DATA EXCERPT:
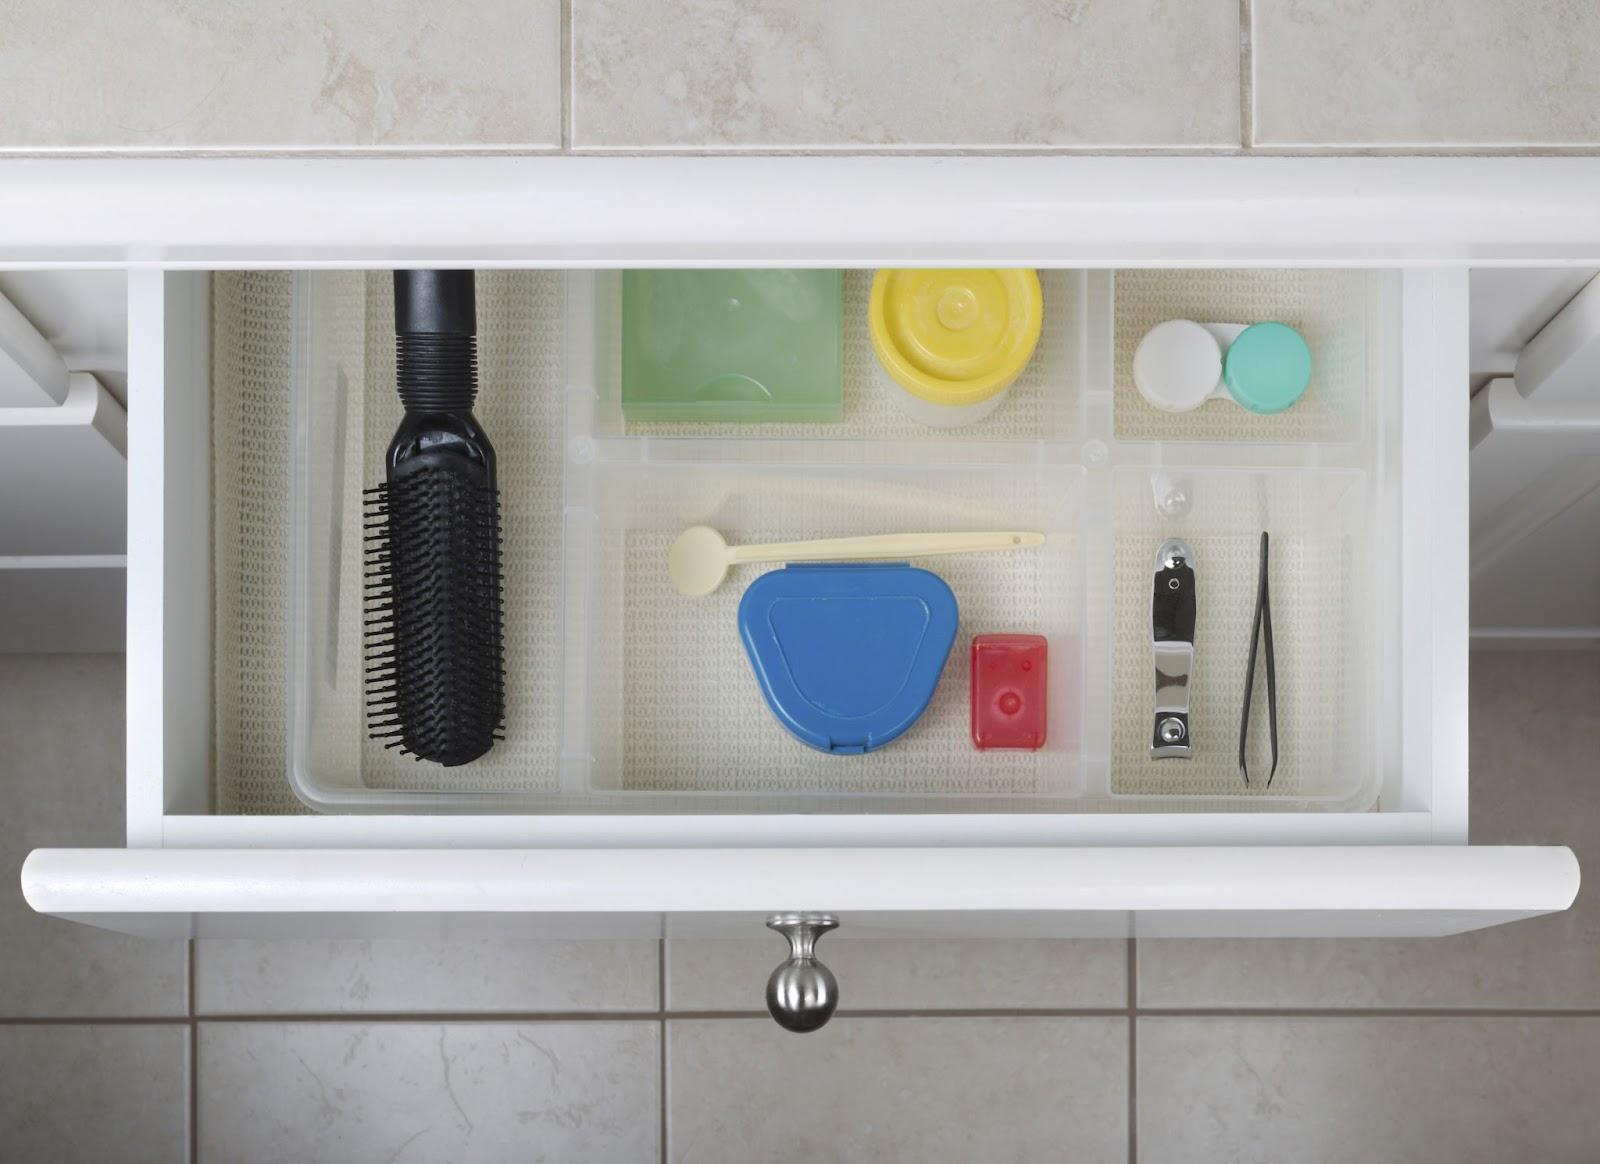 4GRKou21MS zX NUskGYfc6vqnTqHIomfo4cSSbpHJ Ko5yBLmL0qml9ttyP0ZJf8E7YtekV2ljwAzrpz4Q6CrYp5QIGlo Pc8 uSUYT 89lYB3eA JCrPM9HSJK2a 4wf34YBAk - Bathroom Organization Remodel in 5 Steps
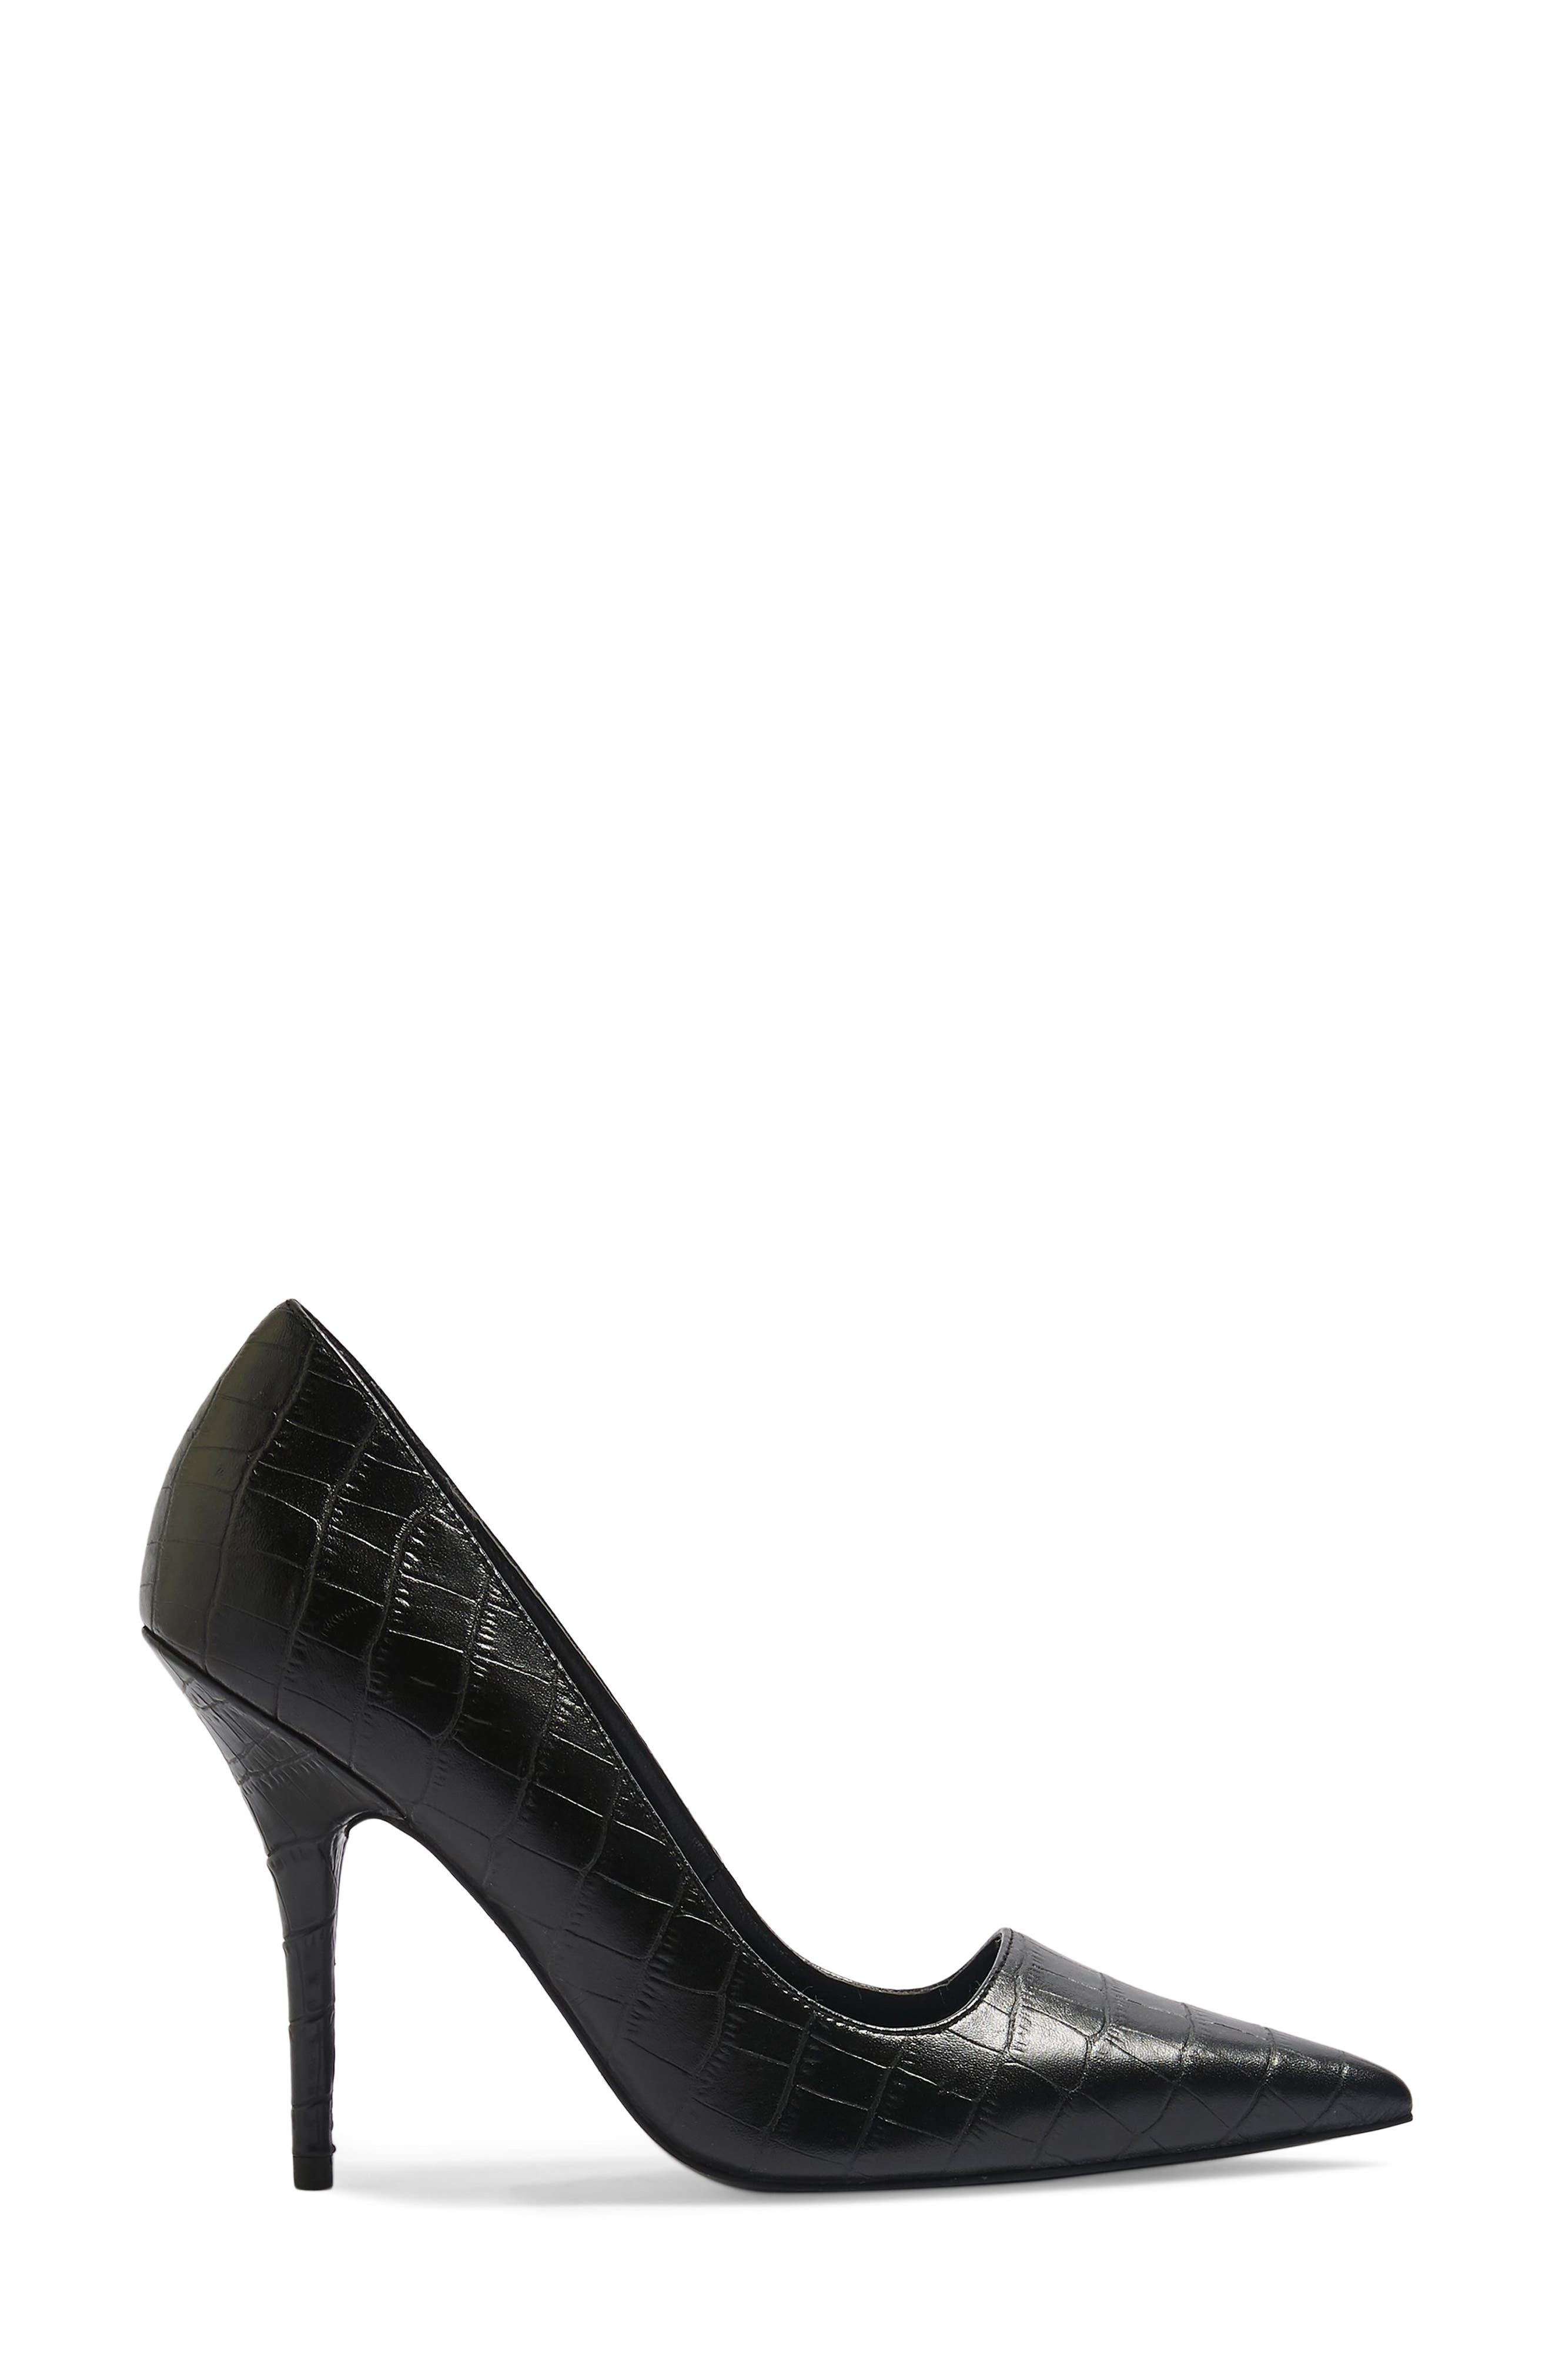 5405c9e8b0ea Topshop Women s Shoes
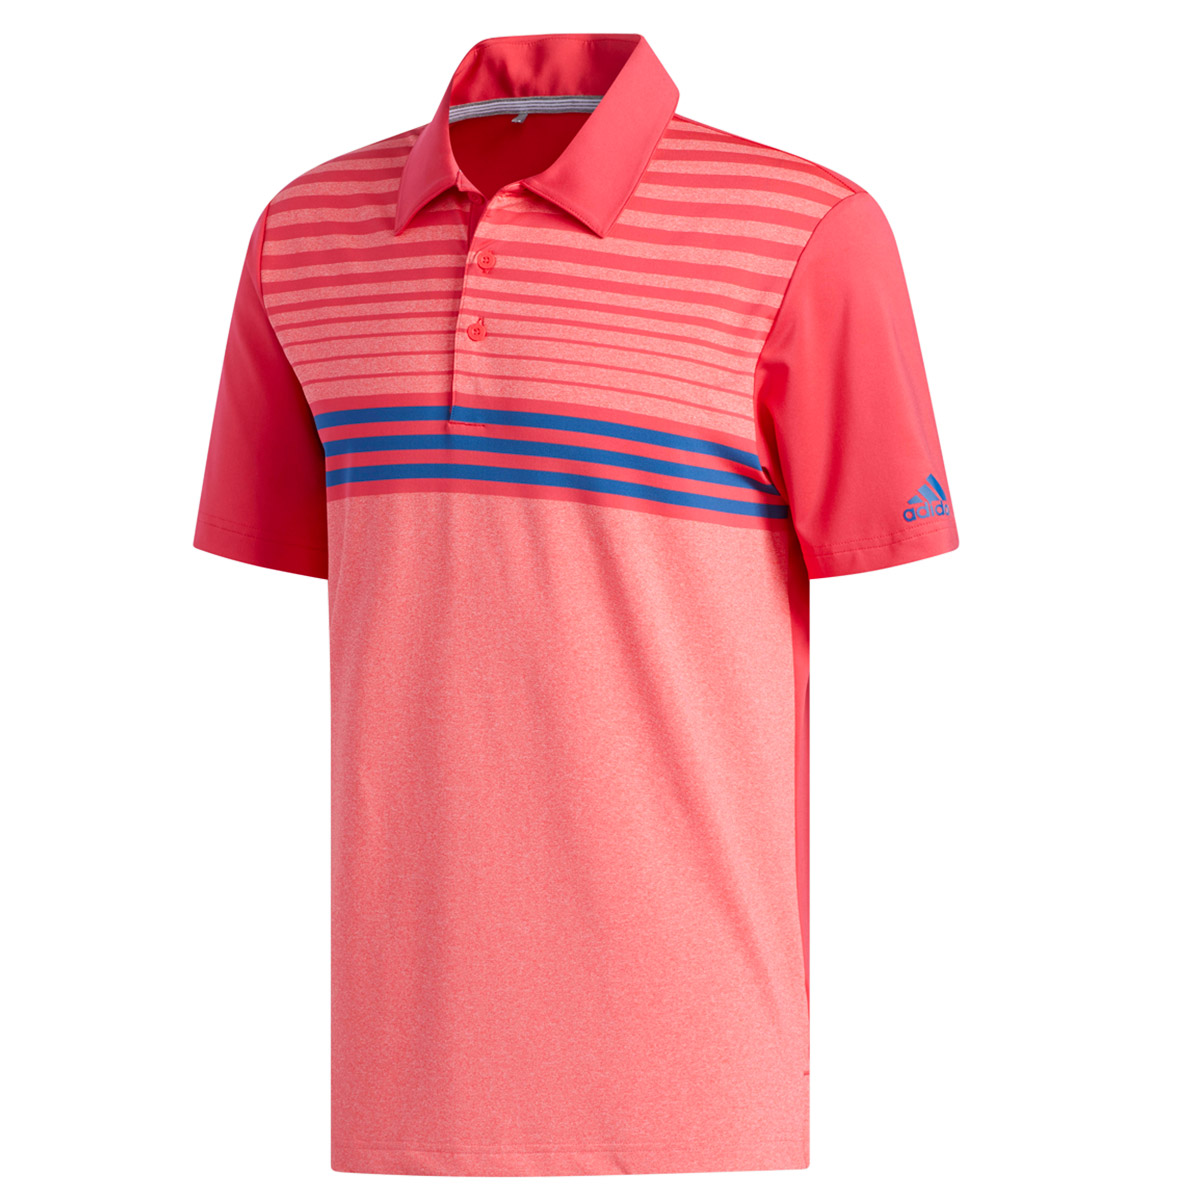 428e6578 adidas Golf Ultimate 365 3-Stripe Heather Polo Shirt | Online Golf

PROBLEM TO WORK ON:
Copy out the material exactly as it stands, though no picture should appear in the copy.

TASK OUTPUT:
 4GRKou21MS zX NUskGYfc6vqnTqHIomfo4cSSbpHJ Ko5yBLmL0qml9ttyP0ZJf8E7YtekV2ljwAzrpz4Q6CrYp5QIGlo Pc8 uSUYT 89lYB3eA JCrPM9HSJK2a 4wf34YBAk - Bathroom Organization Remodel in 5 Steps
 5405c9e8b0ea Topshop Women s Shoes
 428e6578 adidas Golf Ultimate 365 3-Stripe Heather Polo Shirt | Online Golf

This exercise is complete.